Gary's Awesome Adventures in Amplitude Modulation (AM Radio Transmission & Reception)

This is what I call my "AM" position at Station WD4NKA.  I have a few positions at the control console.  I also have a "NRR" position, a medium power code position for "Novice Rig Round-up" events which is entirely Hallicrafters "Grey-Line" 1961 equipment, and the other is my Sideband position, essentially a Kenwood TS-120-s.   This installment, however, will focus on the on-going evolution of my AM position, which has posed a real challenge, and for several reasons:

1.  I live on a small residential lot.  Approx 75 feet by 50 feet.  This pretty well precludes full sized wire antenna types in the main.  At least, the half wave dipoles.

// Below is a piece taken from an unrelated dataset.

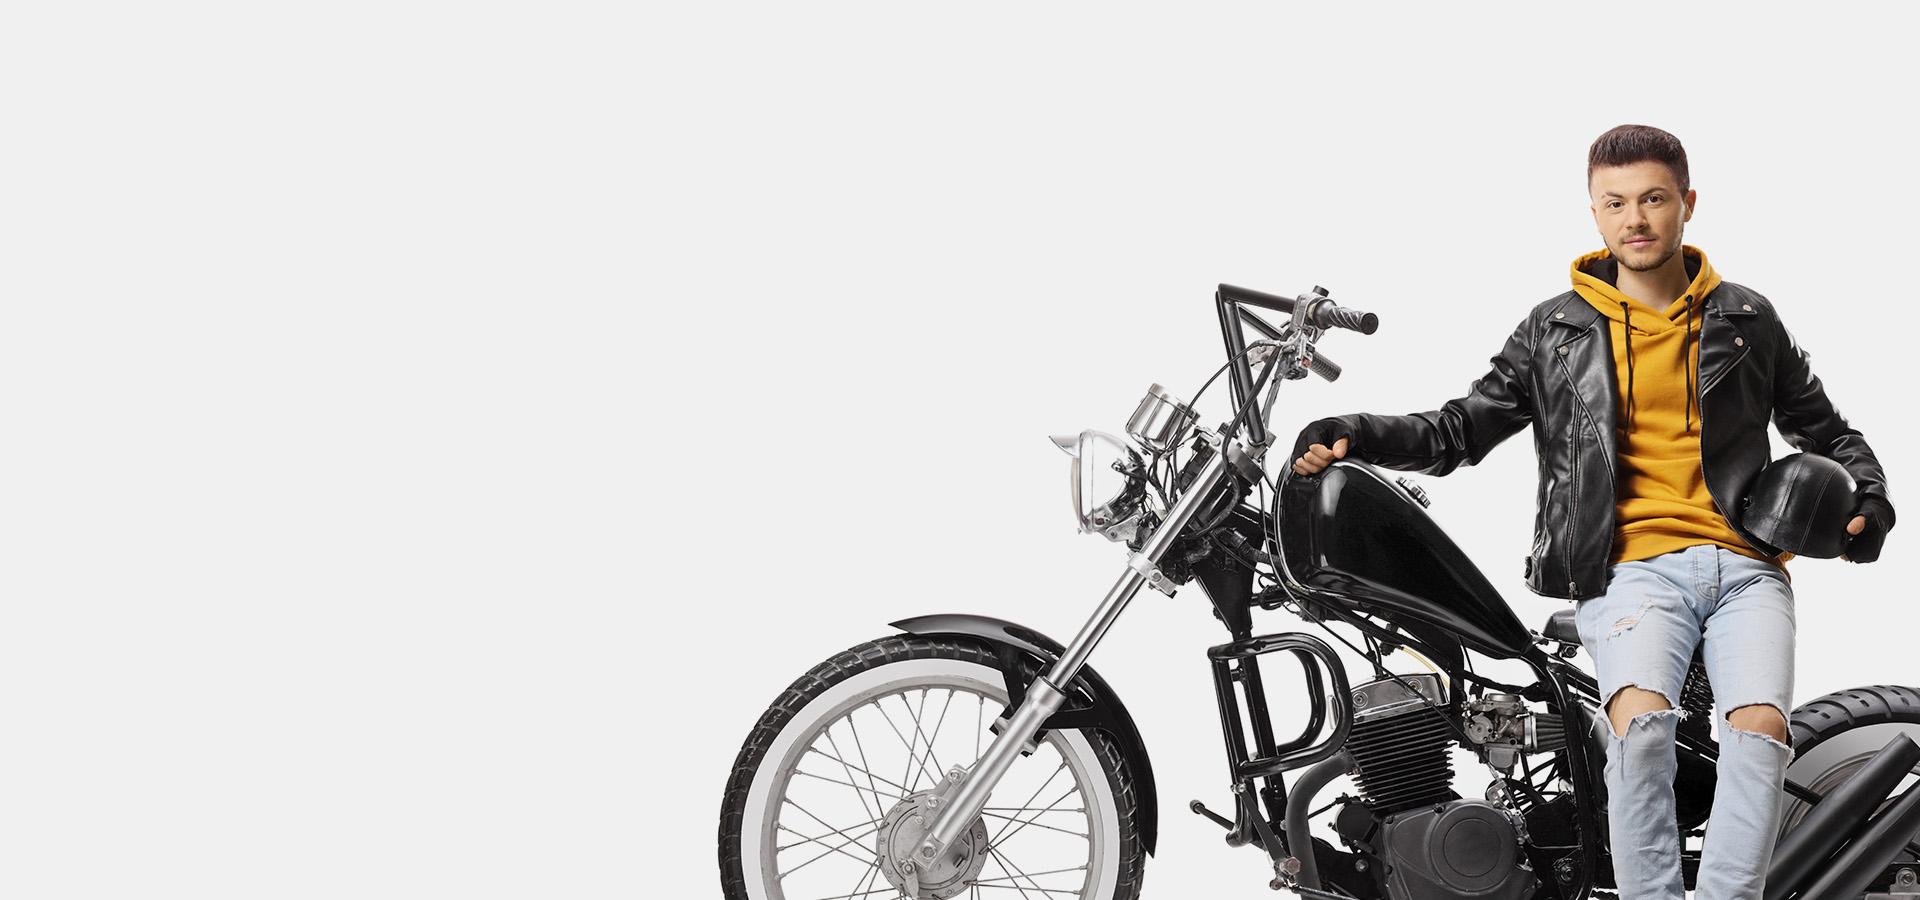 motocycle fans pleasure bg

2.  I already have a full quarter wave vertical and radial field for my 40 meter work bolted to the gable end of the house.  At least I did until early summer 2019, when after years of service, a storm damaged it, and it had to come down.

3.  I have limited space and limited power supplied to my radio room, which is shared with my Letterpress Print Shop which also pulls it's share of current.

4.  I have a sand pile for a soil substrate.  I live on a sand pile, essentially.  Historically awful to nearly non-existent ground. (ergo the elevated 40m vertical!). Not good for RF grounding.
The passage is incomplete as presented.